The bill also proposes to expand the scope of the Bill of Rights to provincial policies and programs, beyond just provincial law. It would only apply to ongoing and future infringements on Albertans’ rights.
“This would include infringements that began before the amendments take effect, but continue after the amendments take effect,” briefing documents explain.
Smith said the Alberta government will not mandate employees to receive any medical treatments they don’t want to take.
Such requirements are already in place. The communicable disease regulation under Alberta’s Public Health Act, for example, requires all daycare staff and anyone having face-to-face contact with patients in health facilities to be immunized against rubella.
AHS also recommends health-care workers be fully immunized against tetanus, whooping cough, measles, Hepatitis B and other infections.
Amery said the bill is worded to allow law enforcement to continue to apprehend people under the Mental Health Act.
The legislation would also allow officials to force an adult who has lost decision-making capacity into addictions treatment. The government has signalled so-called “compassionate intervention” legislation is coming.
Amery said some of the proposed changes come as a result of recommendations from a post-pandemic provincial government-appointed panel that studied how the government could limit interventions on personal freedoms during future public emergencies.
Lorian Hardcastle , University of Calgary health law associate professor, says the vague wording of the bill leaves many questions to be answered by the courts. Hardcastle says it’s unclear whether requiring vaccination to enter a business or public facility, or requiring workers to be immunized, constitutes “coercion,” because the bill doesn’t define it.

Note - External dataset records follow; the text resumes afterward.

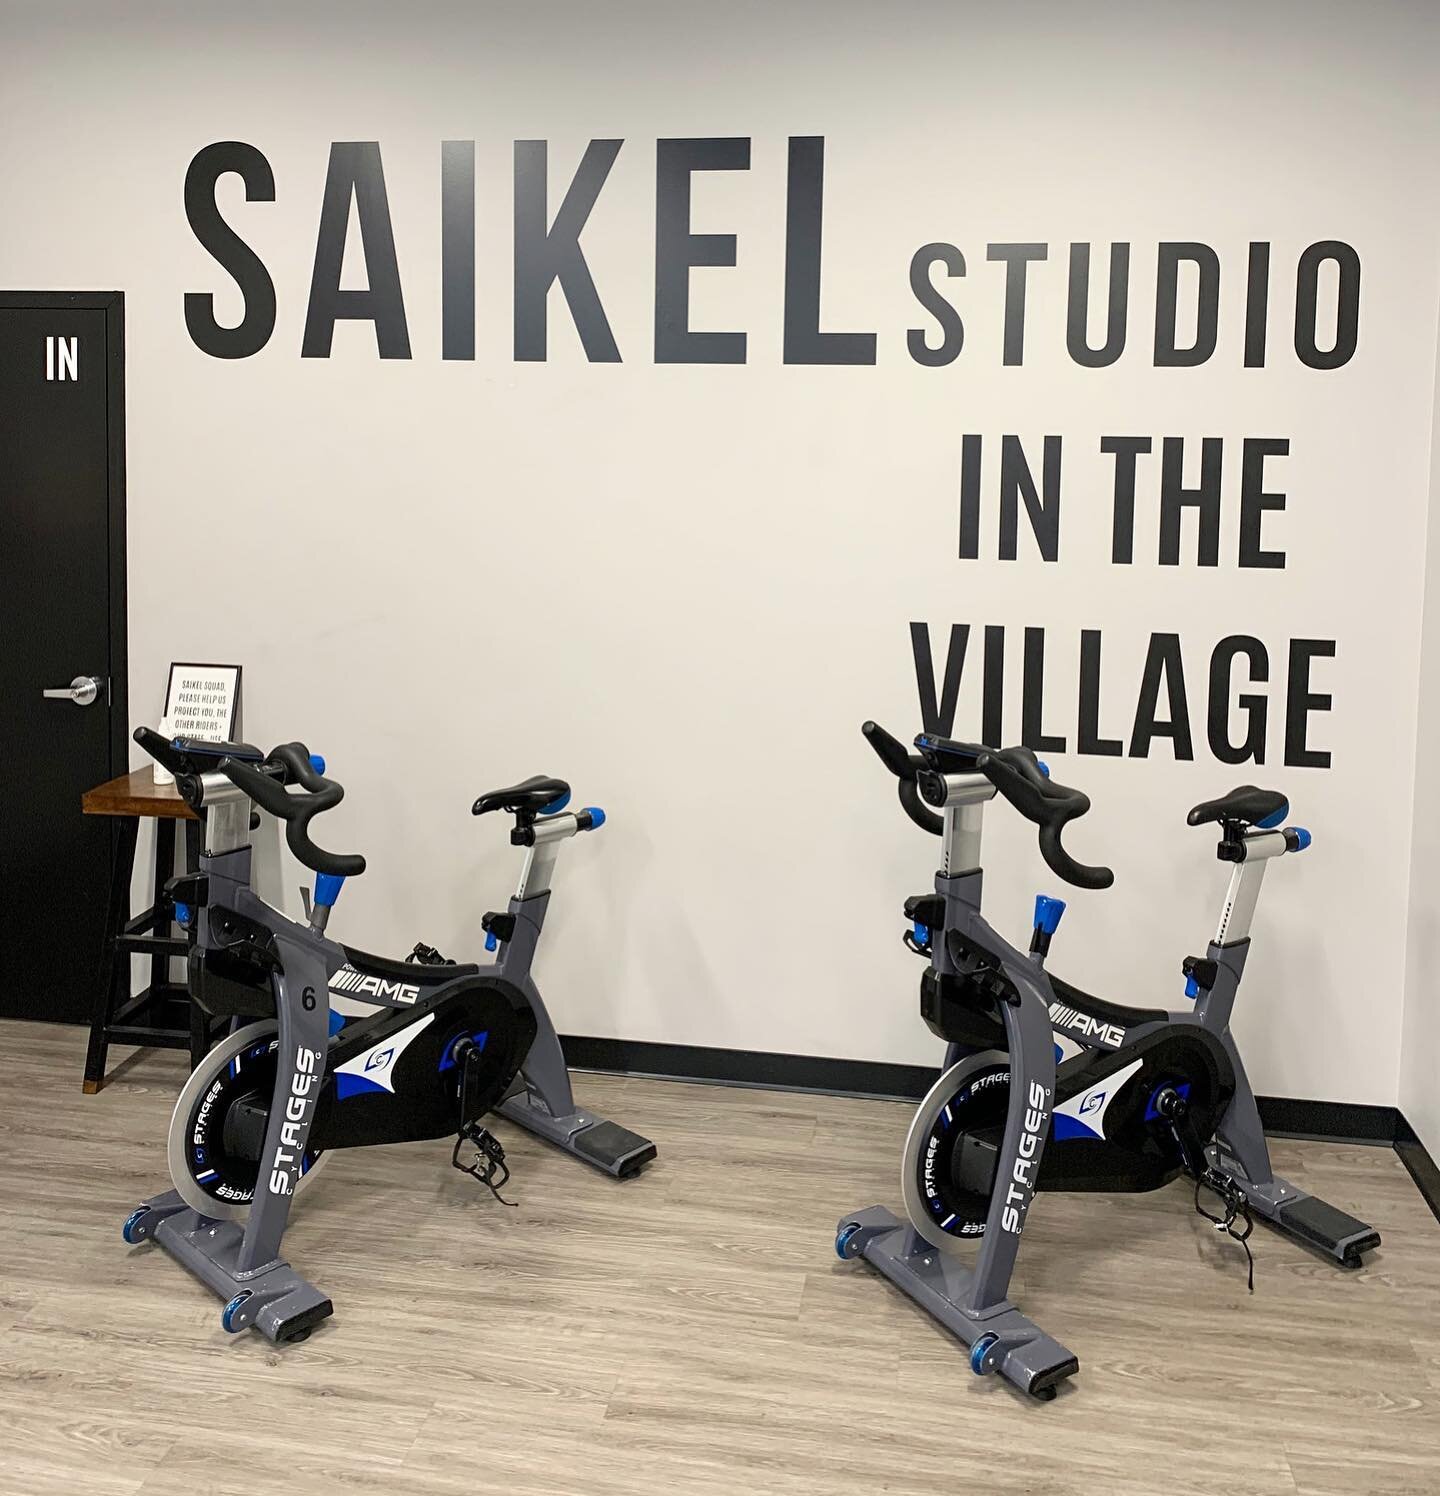 We&rsquo;re looking for Sweat Exchange team members! Looking to ride with us while on a budget? Then our Sweat Exchange program is perfect for you! Volunteer at our studio 4 hours a week and you&rsquo;re able to ride with us for FREE in exchange! 

W
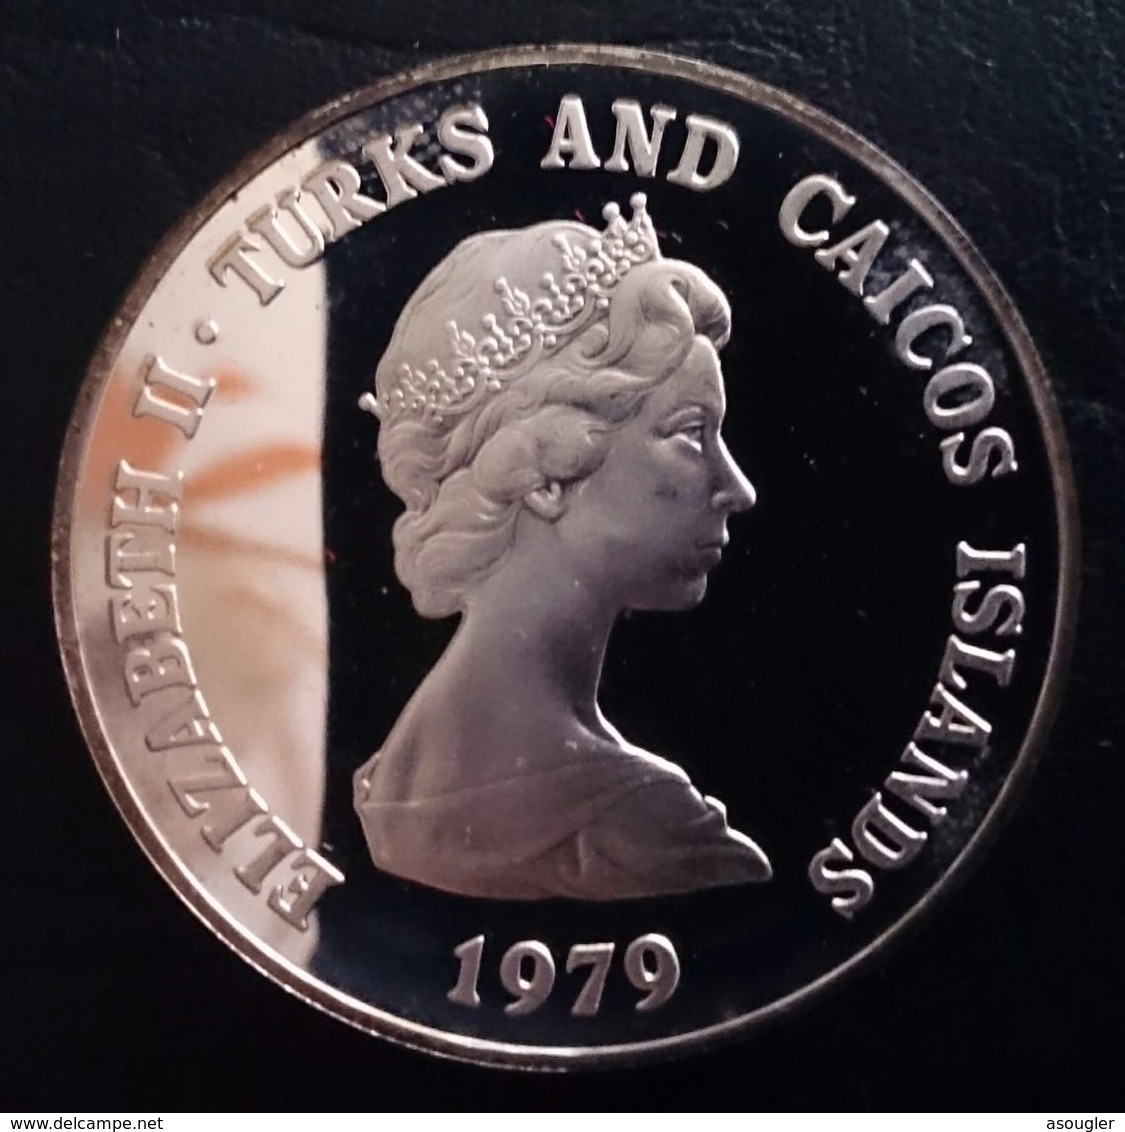 Turks And Caicos Islands 10 CROWNS 1979 SILVER PROOF "10th Anniversary - Prince Charles' I" Free Shipping Via Registered - Turcas Y Caicos (Islas)
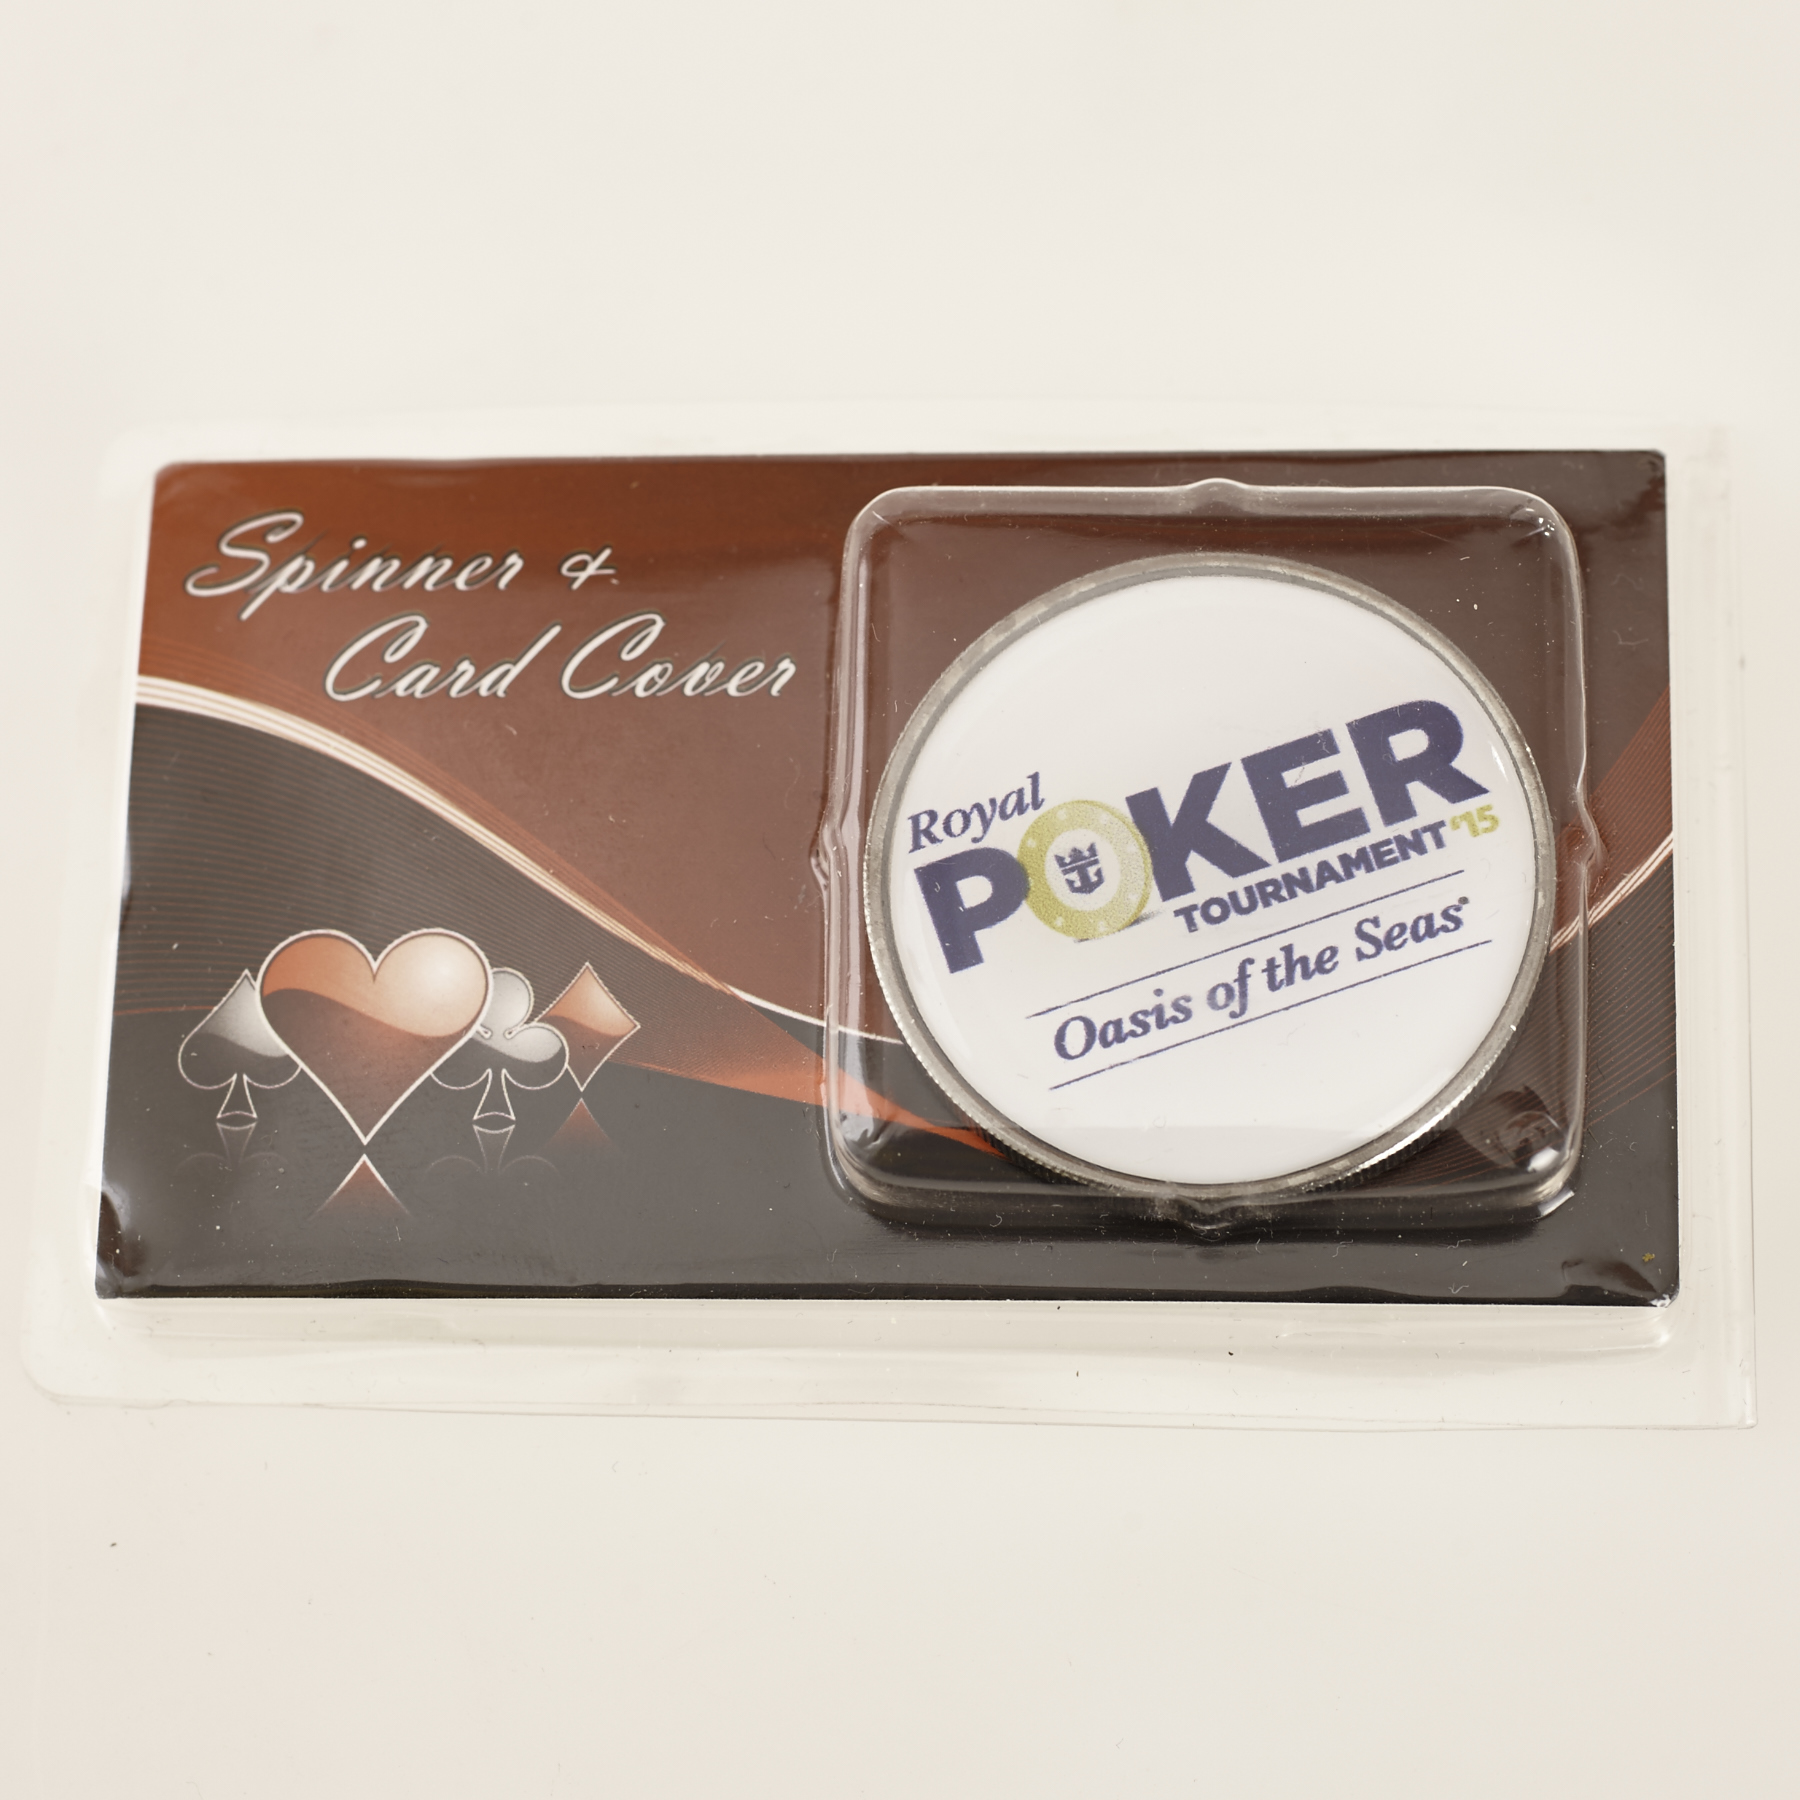 ROYAL POKER TOURNAMENT, OASIS OF THE SEAS  2015, Poker Card Guard Spinner
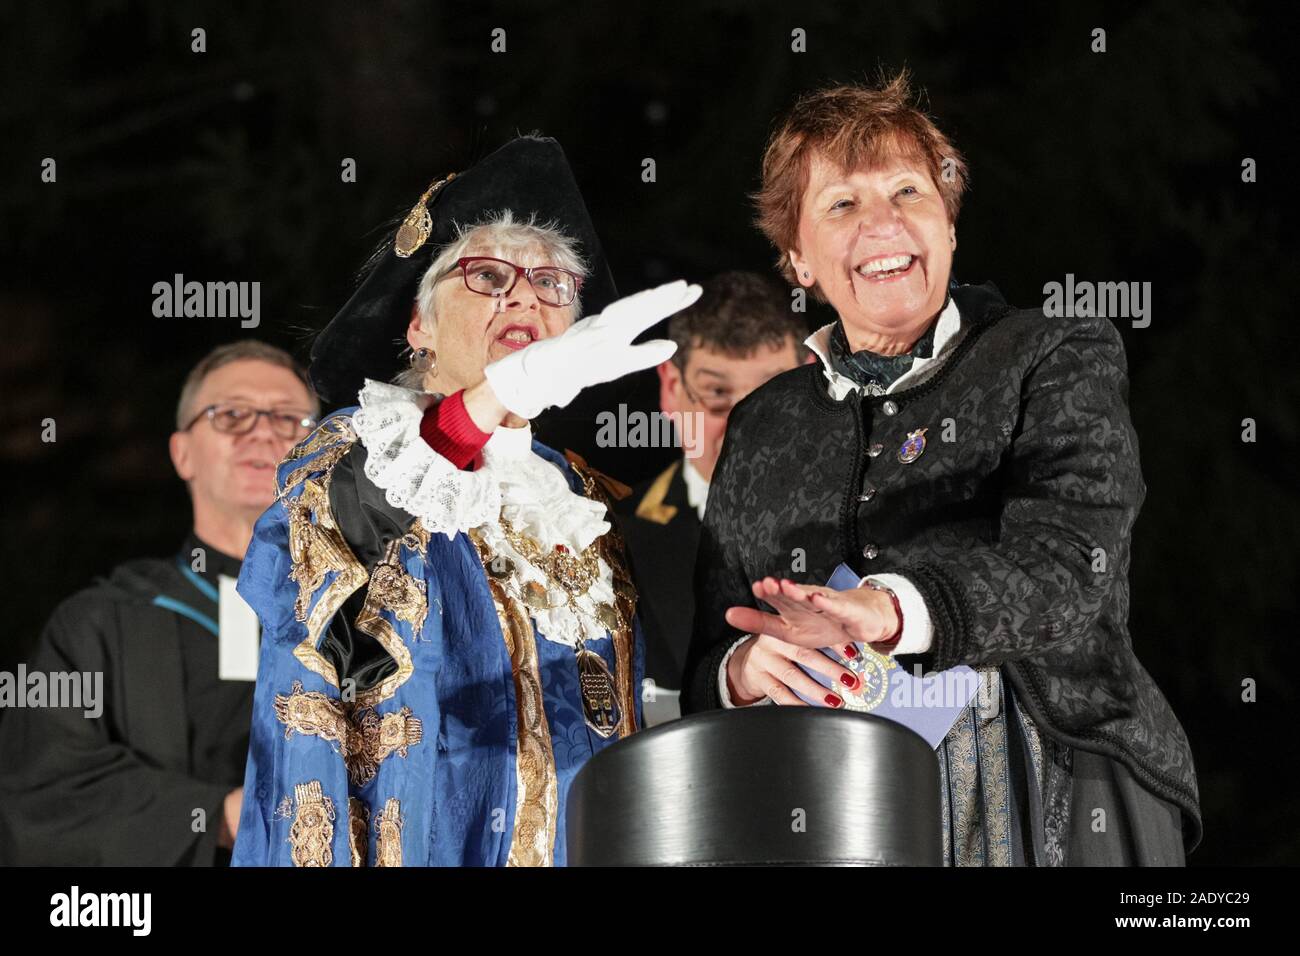 Trafalgar Square, Westminster, London, UK, 05th Dec 2019. Switch on time - The Lord Mayor of Westminster, Ruth Bush and Mayor of Oslo, Marianne Borgen press the switch on button. The 21m tall Trafalgar Square Christmas Tree is switched on with a ceremony in the square. By tradition, the Norwegian spruce tree is donated by Oslo to the people of London for their help during WW2. Dignitaries lighting the tree include Lord Mayor of Westminster, Cllt Ruth Bush, Mayor of Oslo, Marianne Borgen, Norwegian Ambassador HE Wegger Strommen and British Ambassador to Norway HE Richard Wood. Stock Photo

“And we don’t know what the courts will do with that,” she said.
This uncertainty could prompt employers to avoid policies that might run afoul of a new Bill of Rights, she said.
“The province is in some way, tying their own hands in terms of how they may be able to respond to a future public health emergency,” she said.
Promise of protection for property owners, gun owners
The bill also seeks to beef up the rights of property owners. Smith said landowners should be compensated not just for expropriation, but when governments are “regulating away the use of property.”
Adams said the courts are already grappling with whether expropriation includes regulations that severely limit property use.
The bill also proposes to add the “right to acquire, keep and use firearms in accordance with the law” to the Bill of Rights. Smith said it’s to push back against what she says is tightening federal government gun control measures increasingly targeting legal gun owners and users.
“We’re sending a message to Ottawa that Alberta will not forfeit these rights,” Smith said.
The proposed changes would allow courts to assign a penalty or institute a remedy if they find a person or entity has breached the Bill of Rights.
NDP leader: ‘Who asked for this?’
Prior to the bill’s tabling, NDP Leader Naheed Nenshi said any bolstering of Albertans’ medical rights should include guaranteed access to abortion services and gender-affirming health care for transgender youth.
The government is expected to table three bills in the fall sitting that will limit trans rights.
“Who asked for this?” Nenshi told reporters. “No Albertan has a priority saying, ‘We want the right to bear arms subject to federal laws,’ or, ‘We want the right to keep our property just as we do today.'”
A group of grassroots UCP members called the Black Hat Gang is pushing Smith’s government to expand the Bill of Rights further, embracing an American-inspired right to bear arms, and a right to use “sufficient force” to protect private property.
Smith did not directly answer a question on Monday about whether Albertans can expect to see future updates to the Bill of Rights.
“We’re going to stay in our own lane,” she said.
She said nothing in the current bill changes Albertans’ reproductive rights.